A funcionar numa estrutura instalada sob um campo de lapiás, posto a descoberto por porcos vietnamitas que, em tempos, estiveram no local, a Casa do Conhecimento disponibiliza um conjunto de painéis interpretativos, que abordam temas como o mundo subterrâneo, formações geológicos e a flora e fauna das serras de Aire e Candeeiros. Terá ainda um dinossauro com 5,5 metros de cumprimento e um mural da autoria de Rui Basílio, que reproduz fotografias antigas.

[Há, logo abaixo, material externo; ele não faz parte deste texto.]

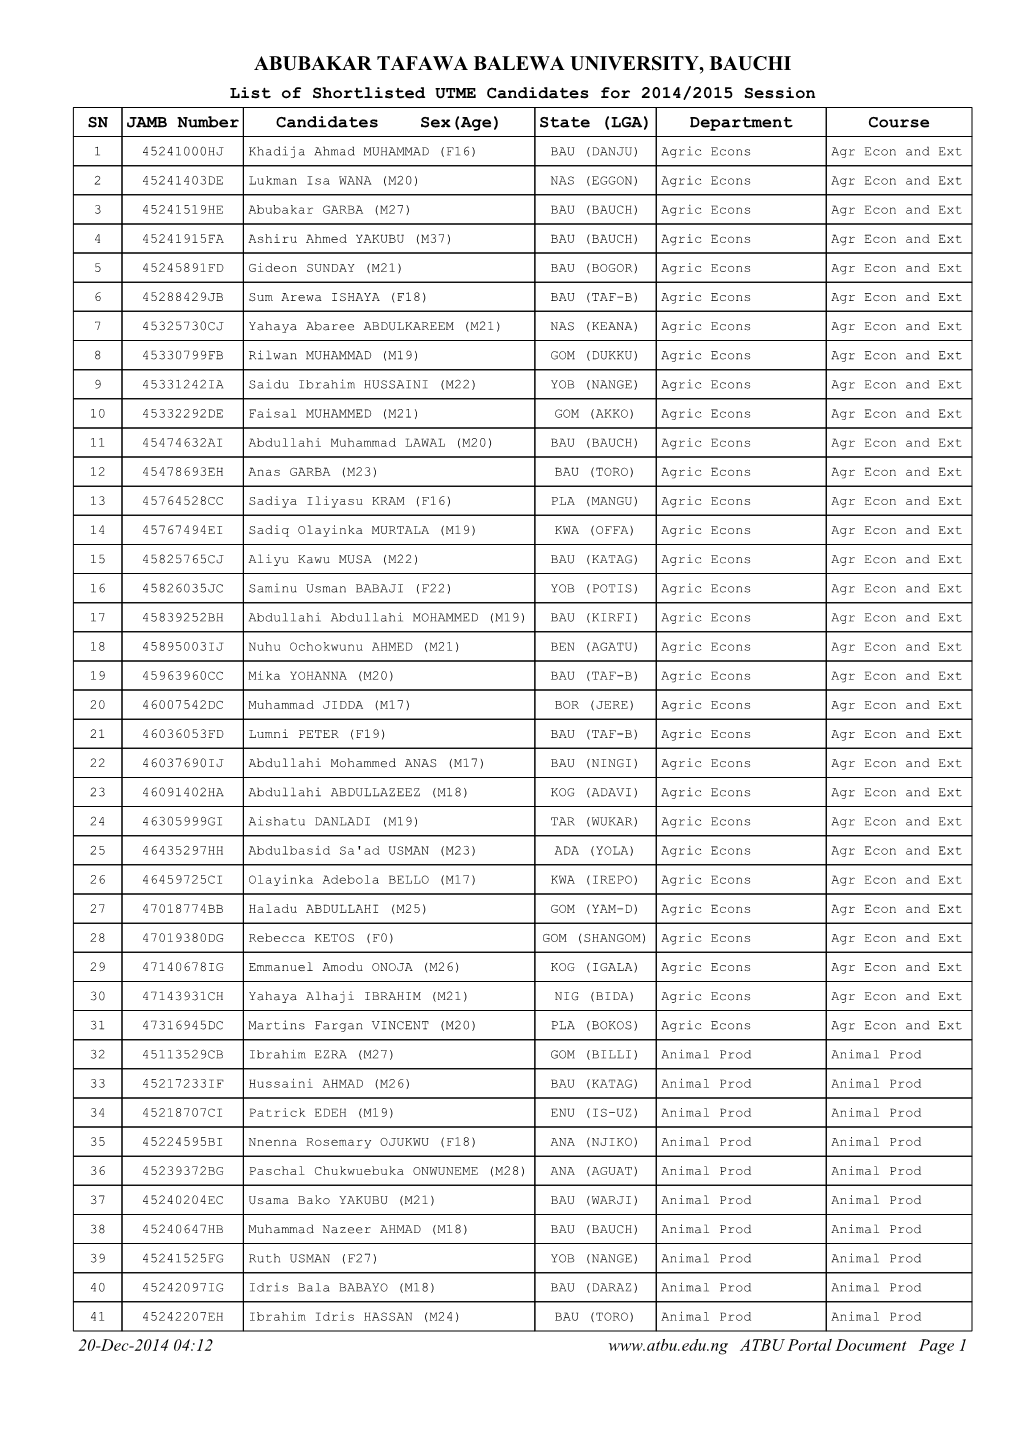 ABUBAKAR TAFAWA BALEWA UNIVERSITY, BAUCHI List of Shortlisted UTME Candidates for 2014/2015 Session SN JAMB Number Candidates Sex(Age) State (LGA) Department Course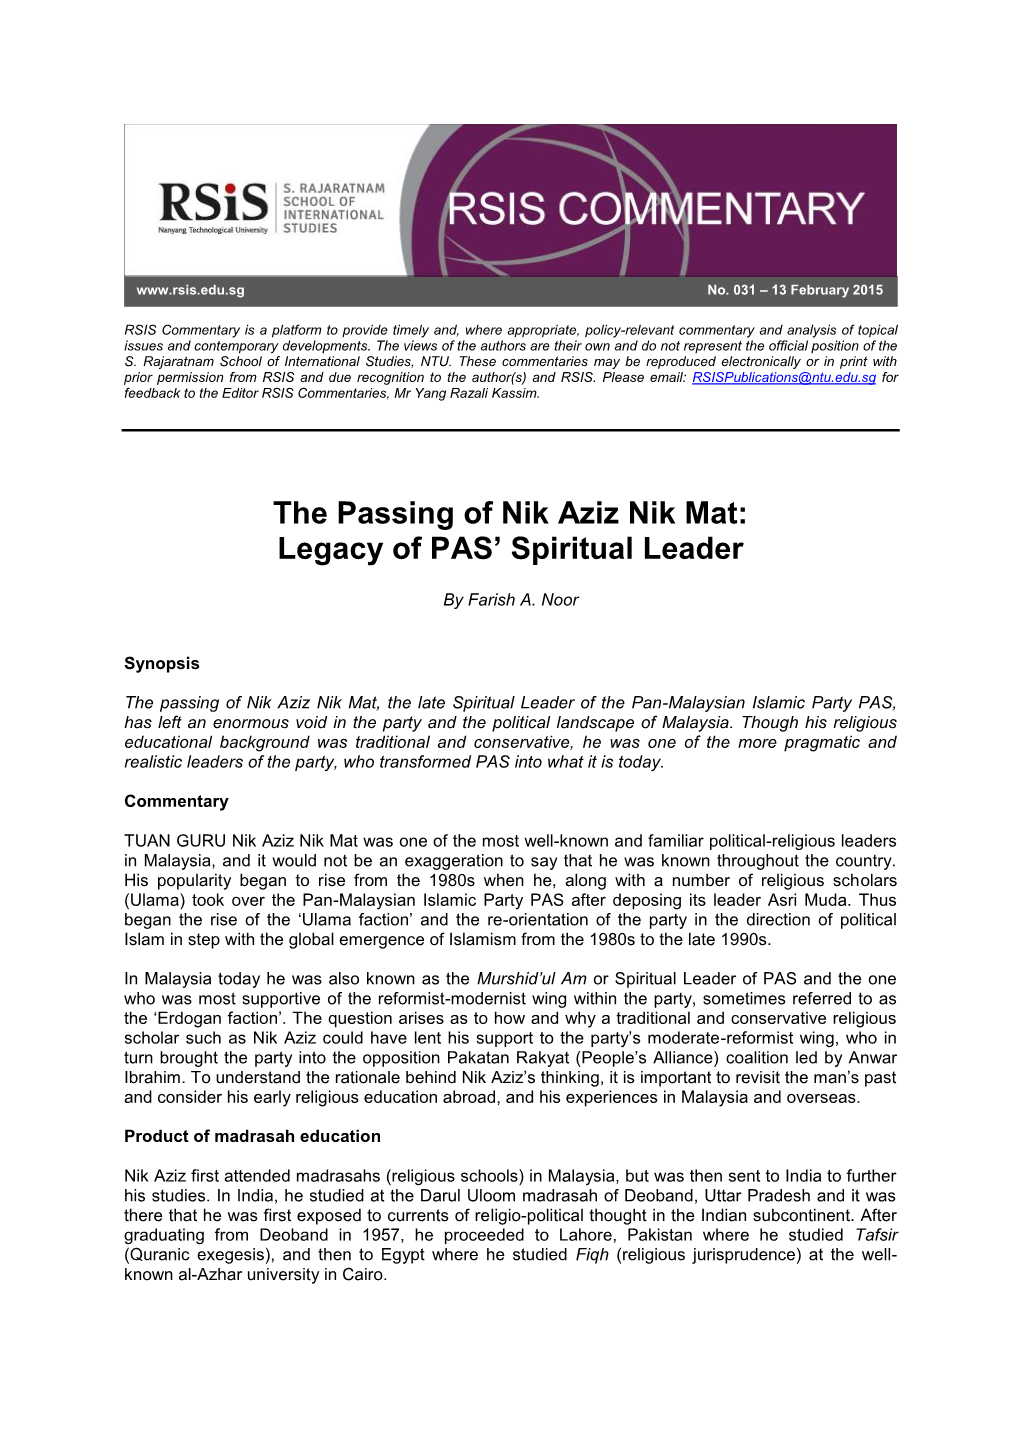 The Passing of Nik Aziz Nik Mat: Legacy of PAS’ Spiritual Leader

Outro dos novos atractivos das grutas de Mira de Aire é a iniciativa Visita 5 sentidos que permite a pequenos grupos, entre oito a dez pessoas, visitar 450 metros da parte não turística da gruta.
Cenário para videoclipes
Ao longo dos anos, as Grutas de Mira de Aire têm servido de cenário para videoclipes e campanhas publicitárias, como aconteceu, este ano, com a NOS. David Carreira, Maria Leal ou Cristina Maria também já gravaram videoclipes nas grutas.
A estreia coube, no entanto, às Doce que aí fizeram o videoclipe da música Ali-Babá, que levaram ao Festival da Canção da RTP de 1981, ganho por Carlos Paião (Play-back).